Dependency Injection is a design pattern in which an object's dependencies (the services it needs) are supplied to it from outside rather than being created inside the object itself. This implements the principle of Inversion of Control (IoC) — control over object creation and lifetime is inverted from the class to a central container.

ASP.NET Core has a built-in IoC container (IServiceProvider). It is responsible for:

• Creating service instances when requested,
• Resolving and injecting their dependencies recursively,
• Managing each service's lifetime.

Benefits: loose coupling, easier unit testing (mock injection), and centralized configuration.

Service Lifetimes

Registering a Service

Services are registered in Program.cs against the DI container, usually as an interface mapped to an implementation:

builder.Services.AddScoped<IMessageService, EmailService>();

Consuming a Service (Constructor Injection)

The container injects the dependency through the constructor:

public interface IMessageService
{
    string Send(string to);
}

public class EmailService : IMessageService
{
    public string Send(string to) => $"Email sent to {to}";
}

public class HomeController : Controller
{
    private readonly IMessageService _msg;

    // ASP.NET Core injects EmailService automatically
    public HomeController(IMessageService msg)
    {
        _msg = msg;
    }

    public IActionResult Index()
    {
        return Content(_msg.Send("ram@example.com"));
    }
}

The controller depends only on the abstraction IMessageService; the concrete EmailService can be swapped (e.g. with a mock) without changing the controller.

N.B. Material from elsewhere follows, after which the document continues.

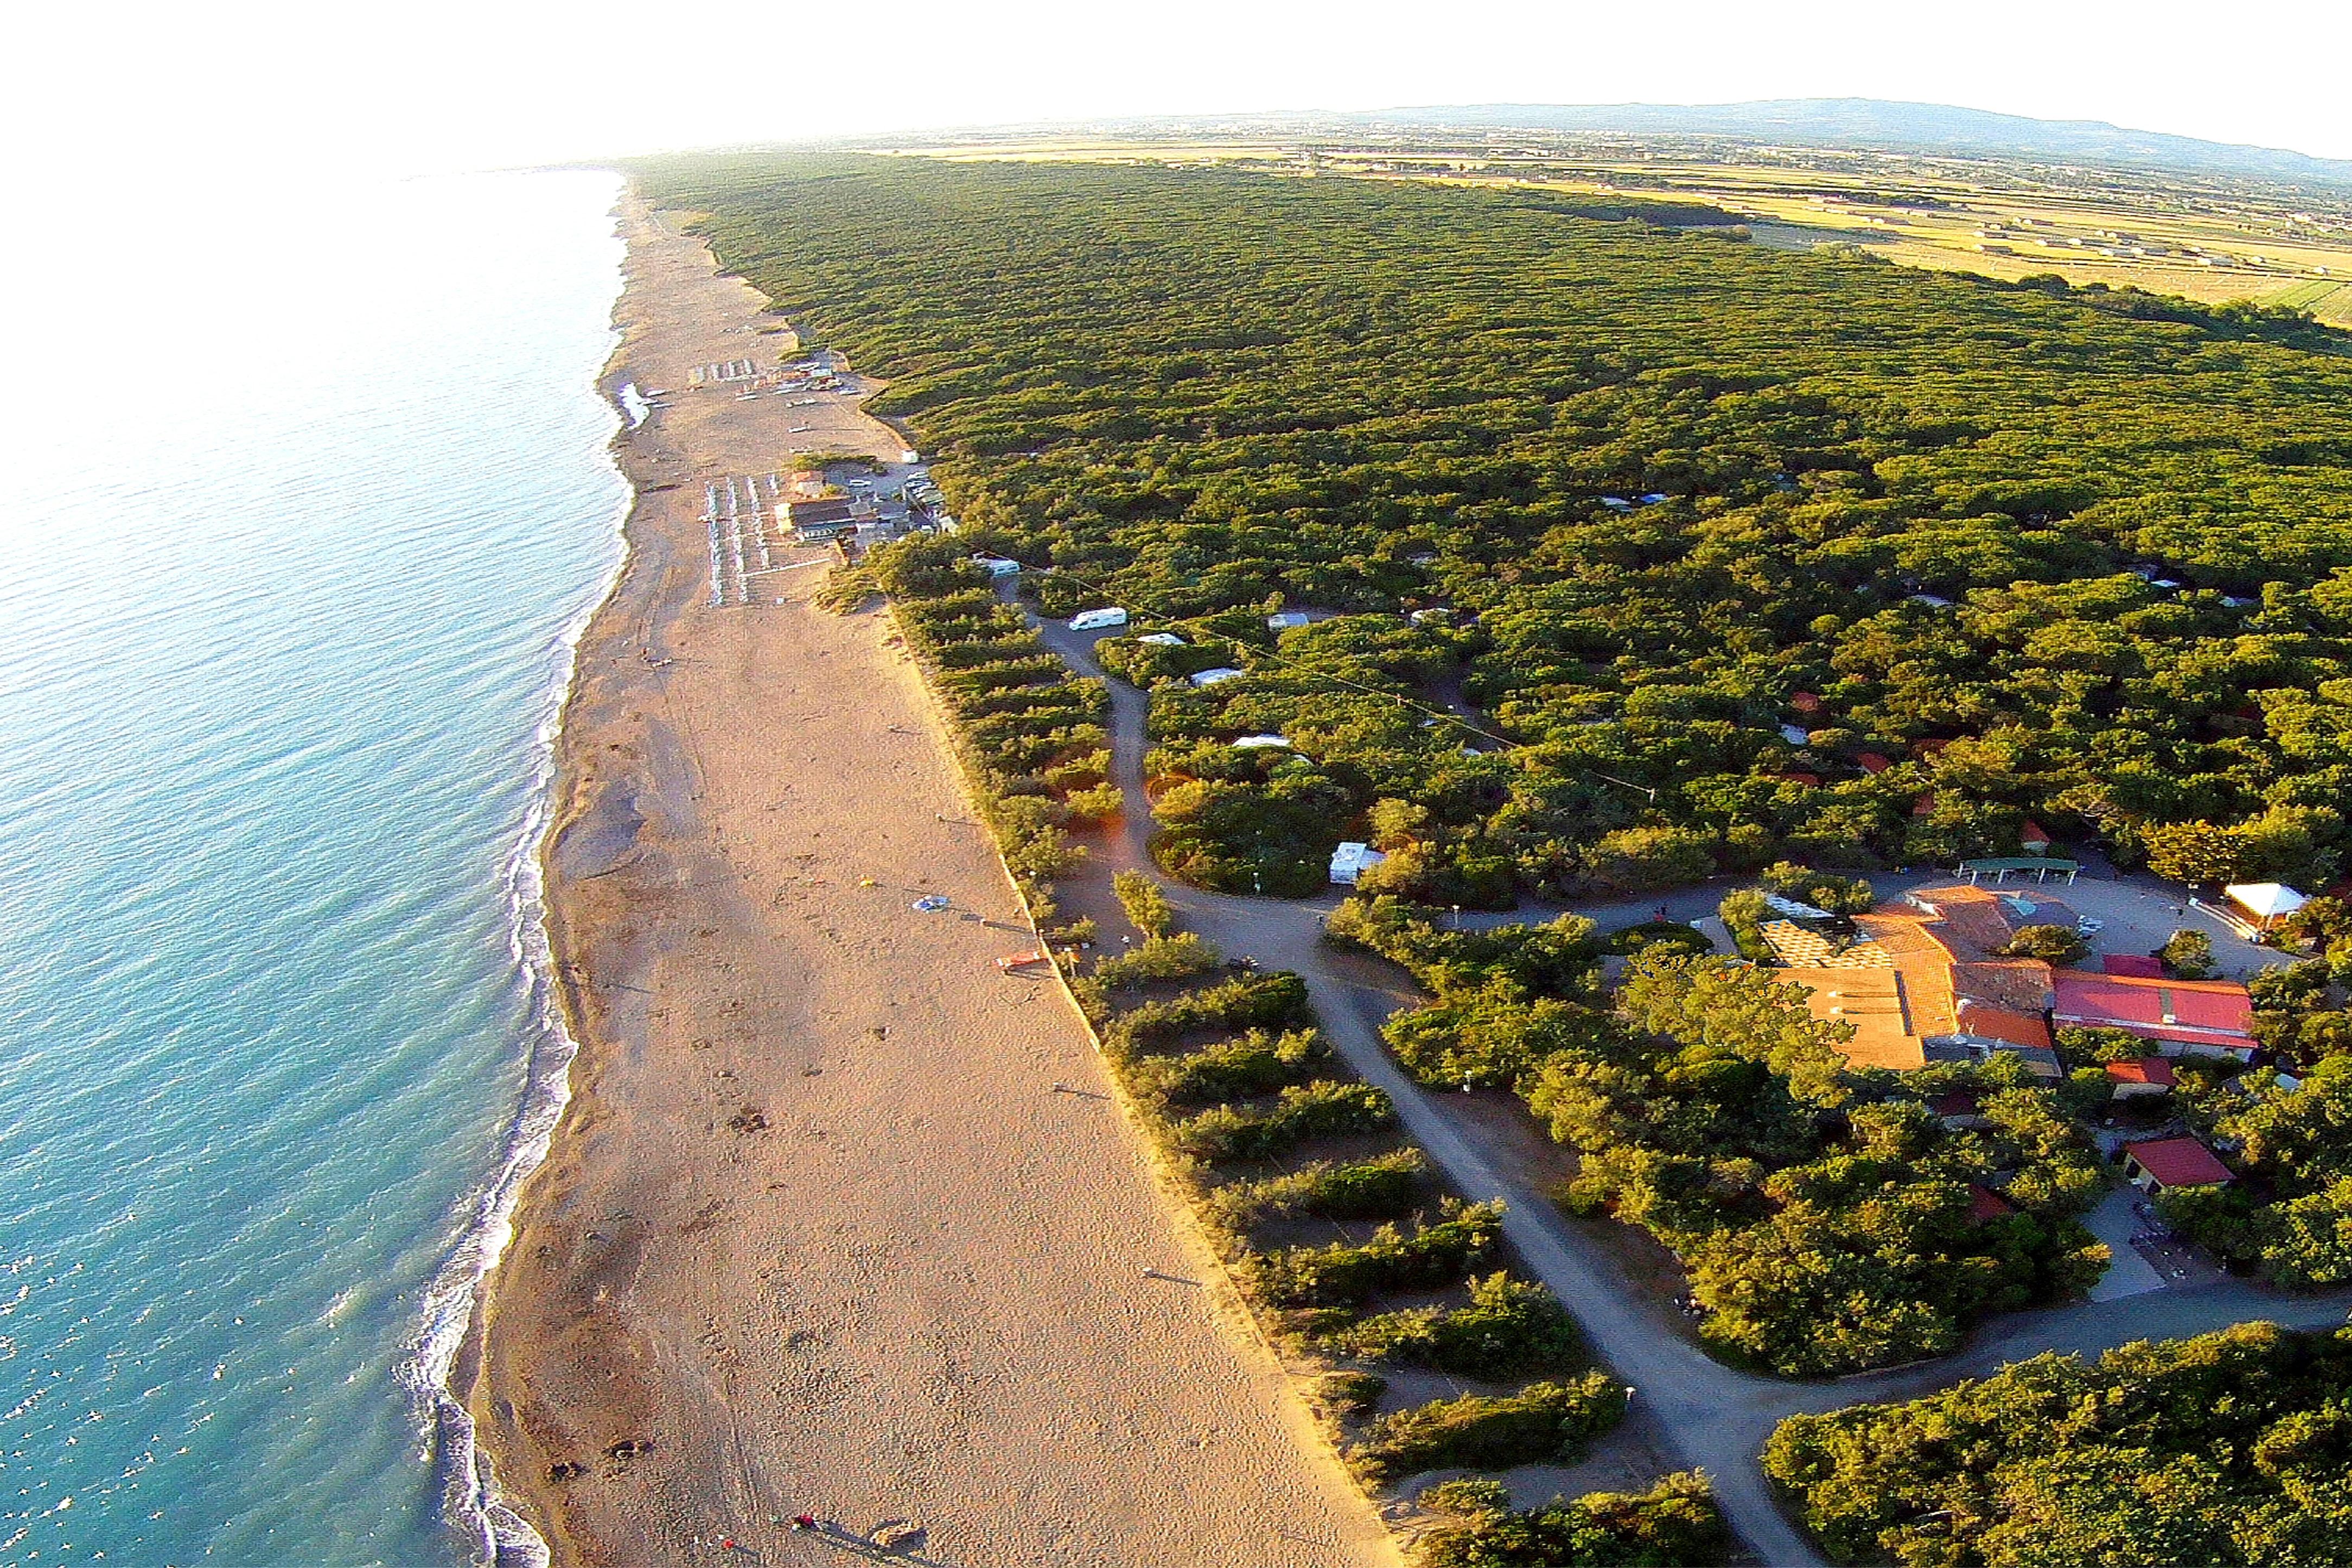 Karte Toskana Küste.Camping Toskana Alle Plätze Auf Einen Blick Pincamp By Adac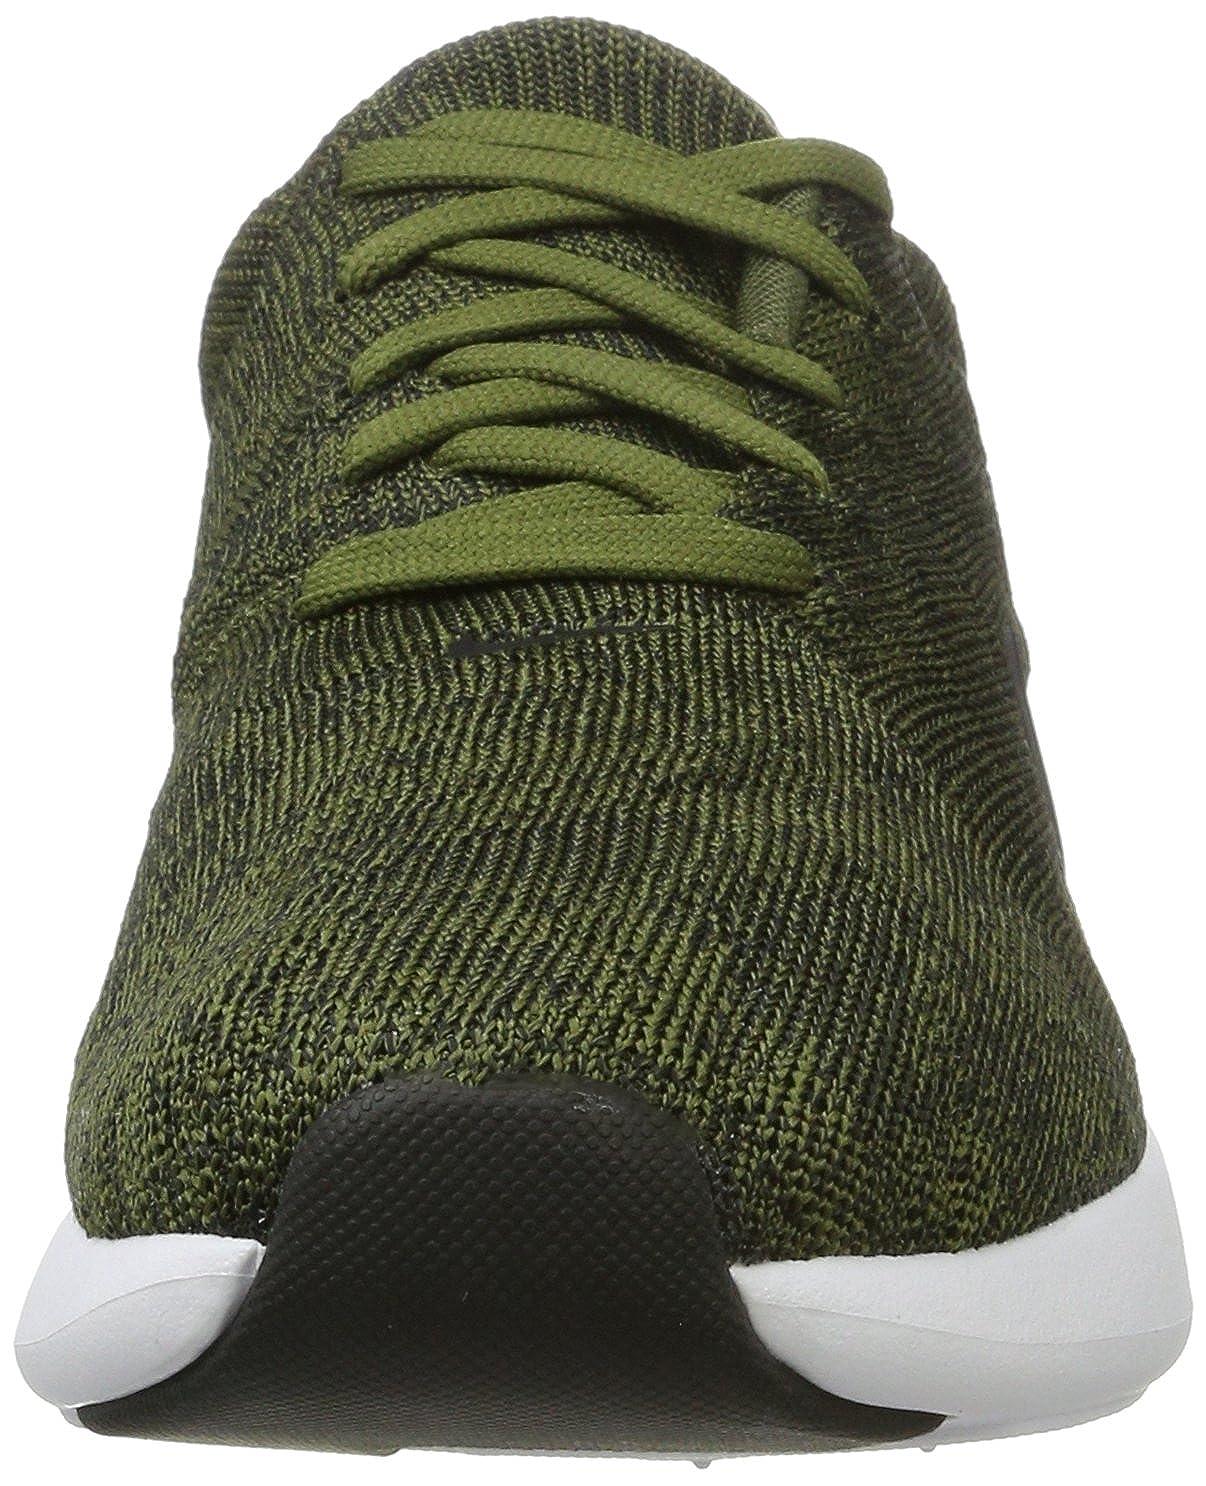 2c6f18957c8 Nike Air Max Modern Flyknit Men's Running, Rough Green/Black-White, 11

The ASP.NET Core Request Processing Pipeline

When a request reaches an ASP.NET Core app, it flows through a pipeline of middleware components. Each middleware can:

1. Inspect/modify the incoming request,
2. Pass control to the next middleware by calling next(), and
3. Inspect/modify the outgoing response on the way back.

Because control passes forward and then unwinds backward, the pipeline behaves like a series of nested layers ("Russian-doll" model). A middleware may also short-circuit the pipeline by not calling next() (e.g. authentication failure returning 401).

Request ─▶ [Logging] ─▶ [Routing] ─▶ [Auth] ─▶ [Endpoint]
         ◀── Response ◀────────────────────────┘

Middleware

Middleware is software assembled into the pipeline to handle requests and responses. The order of registration in Program.cs defines execution order. Common built-in middleware:

• UseExceptionHandler, UseHttpsRedirection, UseStaticFiles, UseRouting, UseAuthentication, UseAuthorization, MapControllers.

app.UseHttpsRedirection();
app.UseStaticFiles();
app.UseRouting();
app.UseAuthentication();
app.UseAuthorization();
app.MapControllers();

Custom Middleware Component

A simple inline middleware that logs the request path and timing:

app.Use(async (context, next) =>
{
    Console.WriteLine($"Incoming: {context.Request.Path}");
    await next();   // call the next middleware
    Console.WriteLine($"Outgoing: {context.Response.StatusCode}");
});

A reusable convention-based middleware class:

public class RequestLoggingMiddleware
{
    private readonly RequestDelegate _next;

    public RequestLoggingMiddleware(RequestDelegate next) => _next = next;

    public async Task InvokeAsync(HttpContext context)
    {
        Console.WriteLine($"Request: {context.Request.Method} {context.Request.Path}");
        await _next(context);                 // continue the pipeline
        Console.WriteLine($"Response: {context.Response.StatusCode}");
    }
}

// Register it in Program.cs
app.UseMiddleware<RequestLoggingMiddleware>();

The class must accept a RequestDelegate in its constructor and expose an InvokeAsync(HttpContext) method that calls _next(context) to continue the chain.

struct vs enum in C#

Example:

// struct
struct Point
{
    public int X, Y;
    public Point(int x, int y) { X = x; Y = y; }
}

// enum
enum Day { Sun, Mon, Tue, Wed }   // Sun=0, Mon=1, ...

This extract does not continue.